Non-Targeted Attacks on ImageNet-100

Unlike previous work, we have experimented with a non-targeted attack that randomly contaminates 5% of the training images, and the results are as follows.

This attack results in a 5-point drop in model accuracy, but the overall accuracy drop is smaller than that of targeted attacks.

This is likely because trigger patches exist in various categories, making it harder for the SSL model to associate a trigger with a specific category.

On defensive methods

The success of backdoor attacks against SSL models may be due to the property of SSL methods that learn to bring two embeddings with different Augmentations applied to an image closer together so that a trigger is strongly associated with a particular category. This is also suggested by the fact that the classical SSL methods Jigsaw and RotNet are not effective in targeted attacks.

However, the performance of classical methods is lower than that of modern methods, so it is desirable to establish some defensive methods.

In the paper, the defense against backdoor attacks is to perform knowledge distillation (using ComPress in the paper) on a small clean data set to avoid the effects of backdoors.
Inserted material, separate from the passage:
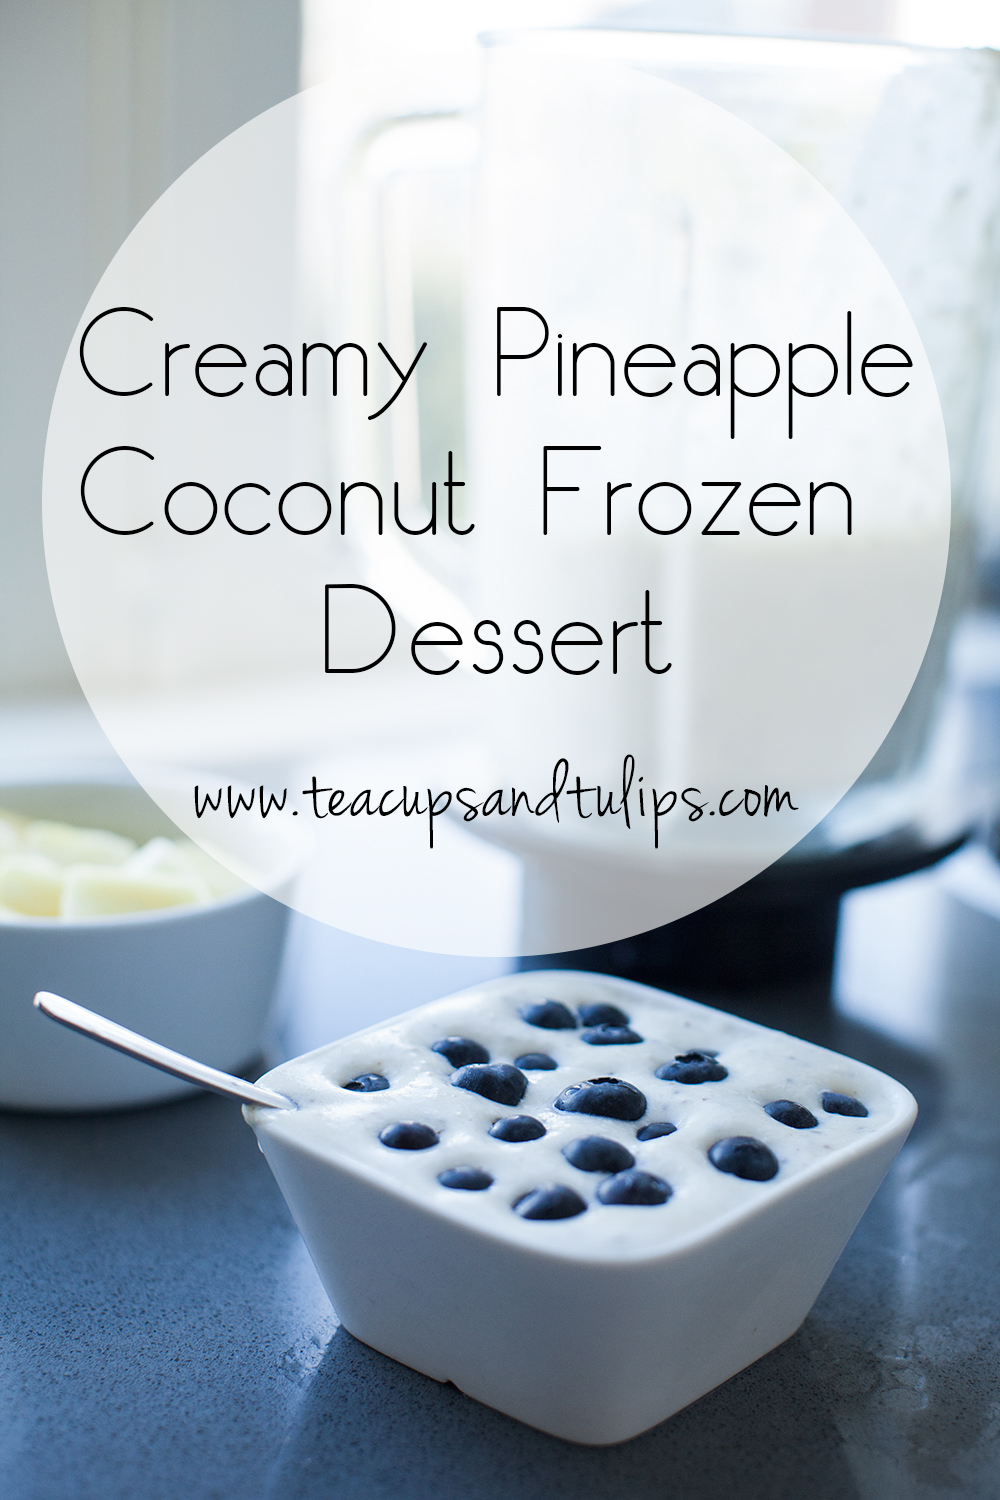 Creamy coconut frozen dessert

The results are as follows

As shown in the table, knowledge distillation on a subset (25%, 10%, and 5%) of ImageNet's clean datasets can significantly reduce the effectiveness of backdoor attacks.

Feature Space Analysis

Finally, the feature space visualization of the backdoor and clean models is shown below.

As shown in the figure, the embedding of images containing triggers (Patched Data) is distributed close to the target category images in the backdoor model and almost uniformly in the clean model.
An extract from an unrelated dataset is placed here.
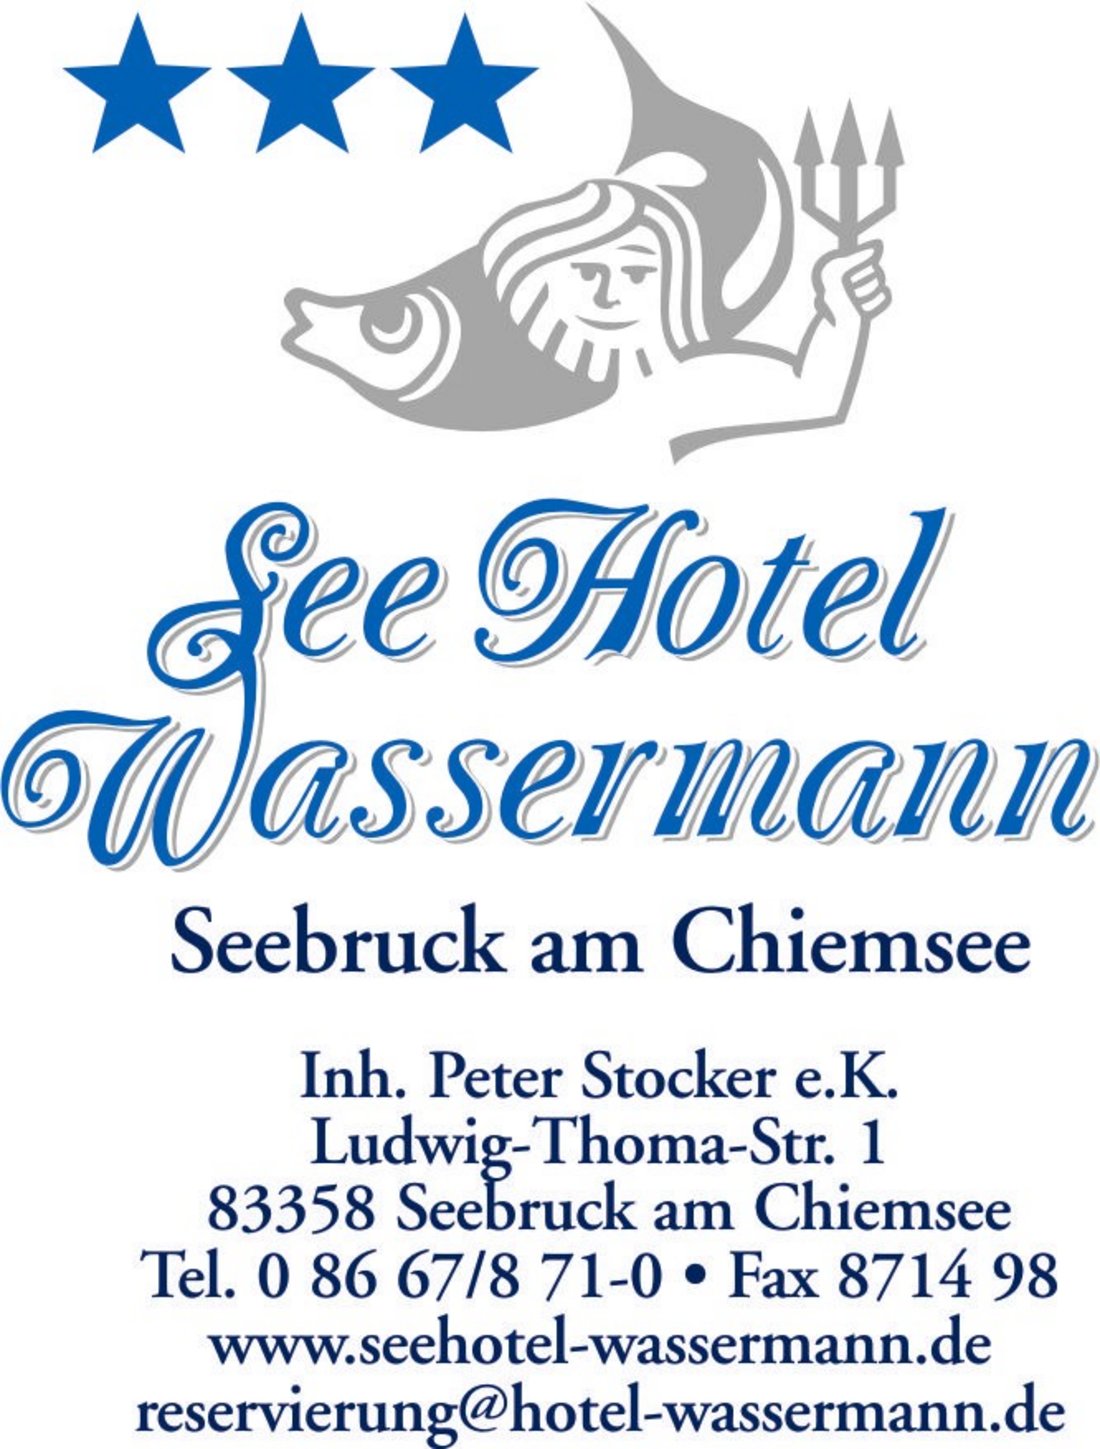 SeeHotel Wassermann - Inh. Peter Stocker e.K.

We found that in the backdoor model, the false positives of the target category increase as the image containing the trigger becomes closer to the target category image in the embedding space.

summary

It is shown that a backdoor attack can be performed by injecting contaminated images against a training set of self-supervised learning and showing images that contain triggers to a linear classifier trained on a downstream task.

We found that this attack is effective in SSL methods such as MoCo v2, BYOL, and MSF, which learn to make the embedding of two images with different Augmentations applied to the same image closer.

While the success of recent SSL models relies on the ability to use large unlabeled data sets, it has become clear that there is a concomitant risk of contaminated data being introduced by an attacker.

Addressing these vulnerabilities may be important in the development of future SSL methods.